Considerations on muscle contraction

The independent force generator and the power-stroke cross-bridge model have dominated the thinking on mechanisms of muscular contraction for nearly the past five decades. Here, we review the evolution of the cross-bridge theory from its origins as a two-state model to the current thinking of a multi-state mechanical model that is tightly coupled with the hydrolysis of ATP. Finally, we emphasize the role of skeletal muscle myosin II as a molecular motor whose actions are greatly influenced by Brownian motion. We briefly consider the conceptual idea of myosin II working as a ratchet rather than a power stroke model, an idea that is explored in detail in the companion paper.     

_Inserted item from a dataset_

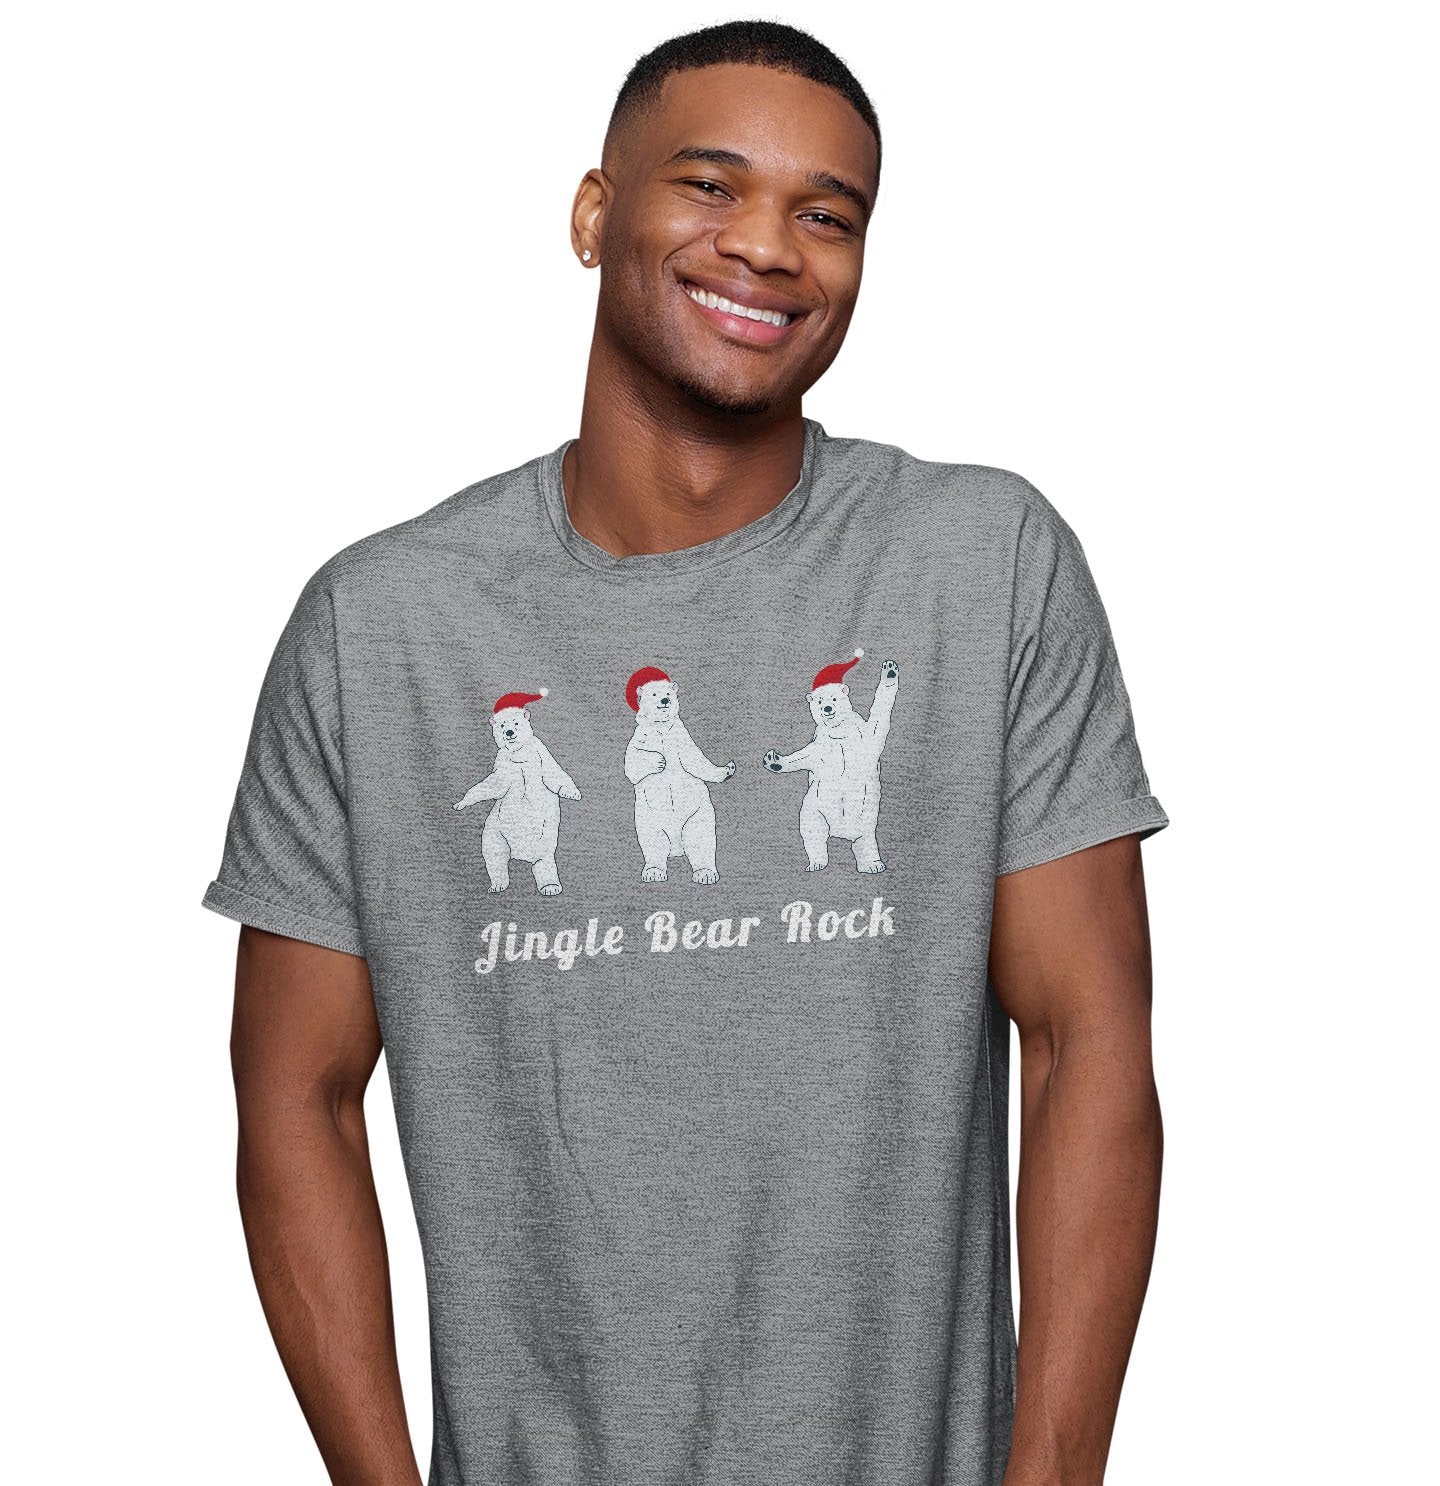 Jingle Bear Rock - Adult Unisex T-Shirt

Force and motion generation of myosin motors: muscle contraction

Brownian ratchet theory refers to the phenomenon that non-equilibrium fluctuations in an isothermal medium and anisotropic system can induce mechanical force and motion. This concept of noise-induced transport has motivated an abundance of theoretical and applied research. One of the exciting applications of the ratchet theory lies in the possible explanation of the operating mode of biological molecular motors. Biomolecular motors are proteins able of converting chemical reactions into mechanical motion and force. Operating at energy levels only a few times greater than the energy levels of thermal baths, their operating mode has to be stochastic in nature. Here, we review the theoretical concepts of the Brownian ratchet theory and its possible link to the operation of the myosin II motors involved in muscle contraction.